Regarding the memory chips, you only have 2GB of RAM, I understand that you are using a single stick or maybe a 2GB set, right? The OP is using 3GB which is a strange memory configuration...That's why I suggested checking his RAM for problems.

If you however want to check your RAM for errors try searching Google or this forum for "Memtest", you will probably find a lot of entries with detailed explanations on what to do. Feel free to ask if you need more information.

As for the PSU, I don't have any experience with Coolmax PSUs. Modern graphics cards rely on the PSU's +12V rail(s) to get power. If those rails can't provide enough current then you may experience restarts, reduced performance etc.

You should check the sticker on the side of your PSU (or its manual):

You will be able to see something like that:

+12V1 18A
+12V2 18A
+12V3 18A

I suggest using a PSU with at least three +12V rails with a current rating of 18 amperes for a modern high end card. I found one Coolmax unit with two +12V rails, both rated at 19 amperes. That's probably your PSU, it can't be considered high end but I guess it will be sufficient for your system. Unless you start having problems again I believe it's enough, IMO don't worry. 

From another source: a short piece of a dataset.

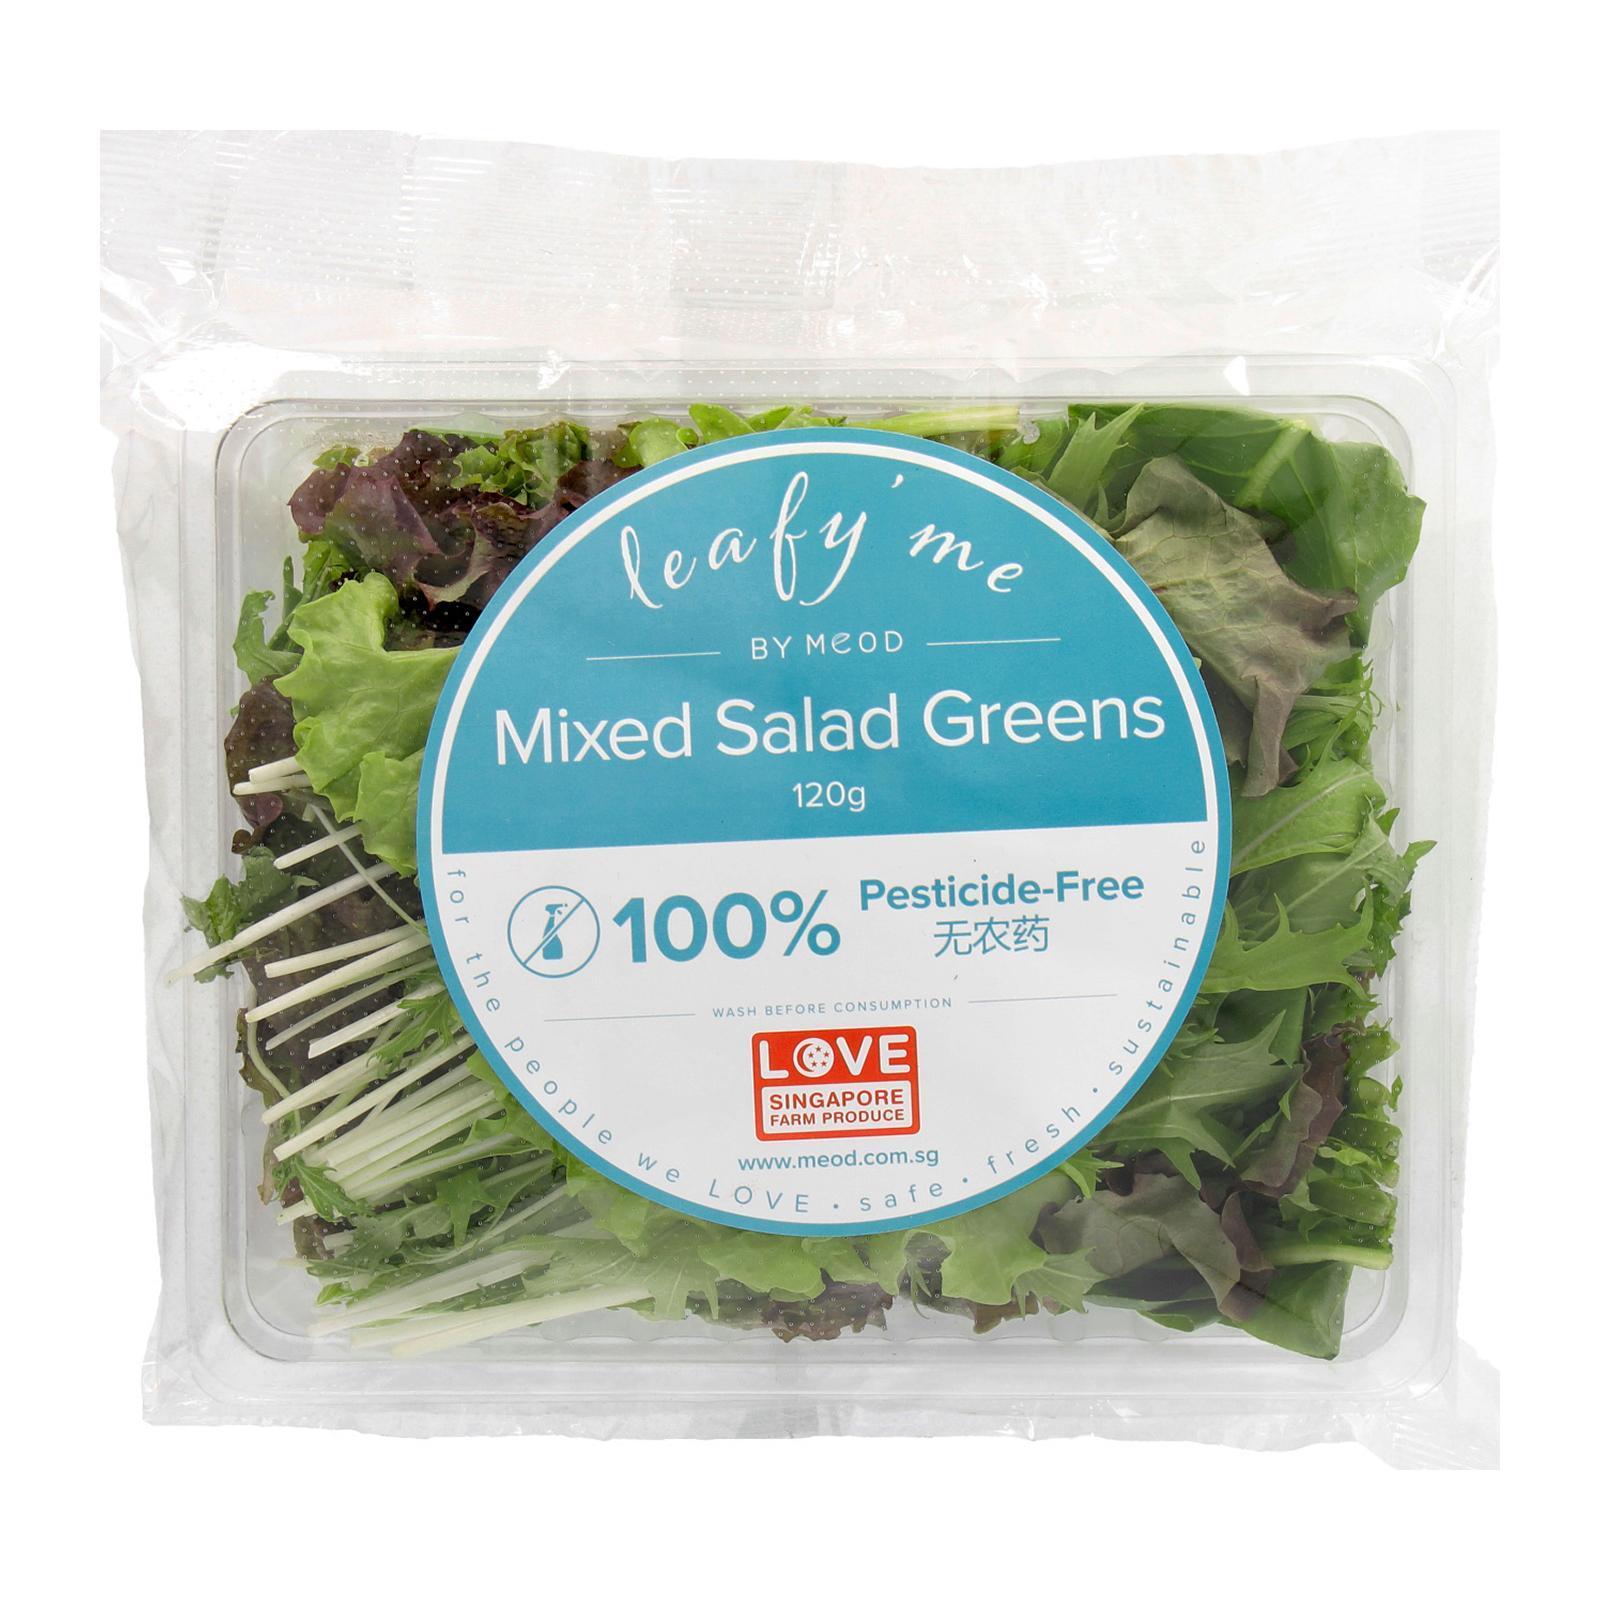 Leafy'Me Mixed Salad Greens

And no worries, you aren't bothering anyone! That's why we use this forum, to ask for help and provide help if we can!

Cheers!


----------



## john48 (Jan 2, 2009)

Hi Mosquito, well just as I thought all was well, out of the blue after a few hours over a few days playing DA it happens again, computer shuts down. I reboot, start the game again, and within 5 minutes, down again. I reboot and don't play the game, computer is fine. I play another game, computer is fine. Play DA again, down she goes. I'm at a loss. My PSU by the way has 2 12v. any ideas??


----------



## MartinMorrison (Nov 15, 2009)

Hi sorry for the late reply been nerding it out in Dragon Age.

I run it in Windows XP service pack 2 mode and it works flawlessly now, not a single crash. Yes, I've got 3 Gigs of RAM which is a bit weird but they are synced and compatible with each other. 

There is something definitely wrong with the game and how it works with quad cores in W7, perhaps just some error that causes them to be overworked so much that your PSU fails or something. It's not a hardware error...... running it in XP mode should work.


----------